Data Flow Categories
Success:
The OCSF event tables that are powered by the feed.
Failed:
Regex Errors: Failures due to issues in regular expression matching.
Parsing Errors: Failures that occurred during data parsing.
Mapping Errors: Failures related to data mapping inconsistencies.
Unmapped: Data that has not been assigned to any specific category.
Select the time range (last hour, last day, last 7 days, this month, this year, all history) as per your preference. When you hover over any of the boxes in the diagram, a tooltip will appear showing the percentage of data that the box represents.
Clicking on Success (Process Activity, User Inventory) directs you to a query preloaded Search page, where you can view detailed tables of the corresponding data.
Clicking on Failed (Parsing, Mapping, Regex) takes you to the Unprocessed page.
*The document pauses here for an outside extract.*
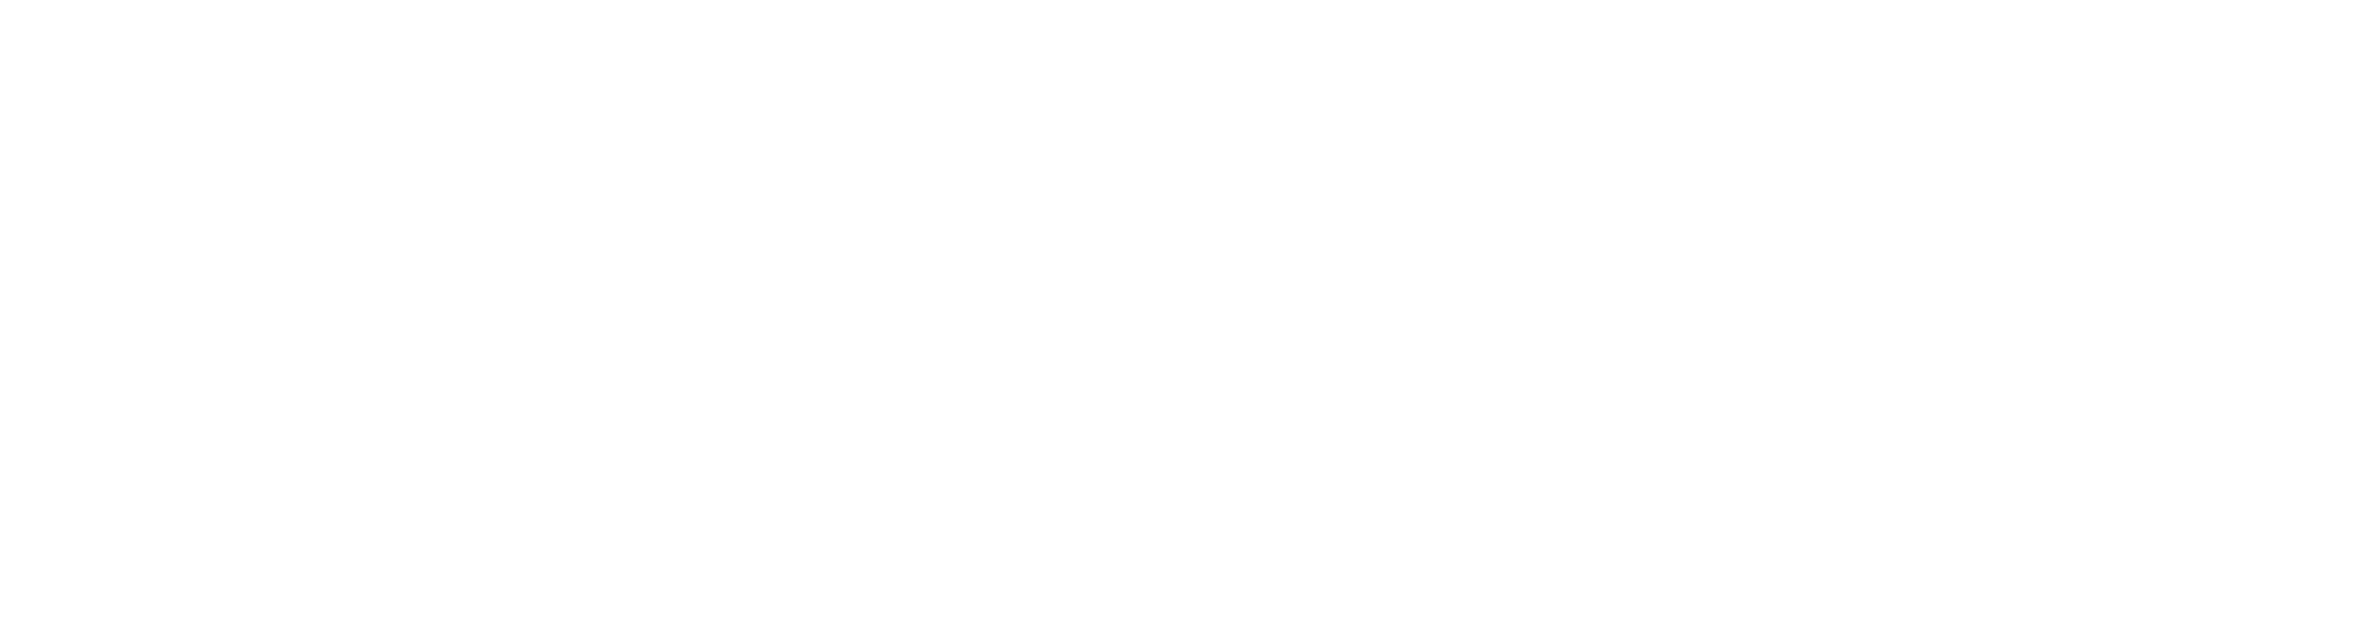 LockalSUP temp logo white

Here, the filters will be preloaded according to the selected time range, allowing you to analyze the specific reasons for failure.
Clicking on Unmapped directs you to a query preloaded search page where you can further investigate the unmapped data.
Unprocessed page
The Unprocessed page provides a detailed table that lists the feed names alongside their corresponding issue type, error message, and the date the issue occurred. This page is designed to help you quickly identify and analyze unprocessed data.
You can access the Unprocessed page in two ways:
From the Sankey Diagram: Click on any of the error boxes (Failed – Mapping, Parsing, Regex) within a data feed's Sankey diagram.
From the Data drop-down on the top navbar
To streamline your analysis, you can apply various filters:
Date Range: Select from predefined options—Last 24 Hours, Last 7 Days, Last Month, or All Time—to focus on a specific timeframe.
Error Type: Filter by the type of issue (Parsing, Regex, Mapping) to narrow down the results to specific errors.
Feed Selection: Choose specific feeds of interest to view only the relevant unprocessed data.
To explore the raw message and analyze where the failure occurred, click on the magnifying glass to expand the row and view the raw message compared to how DataBee tried to process it.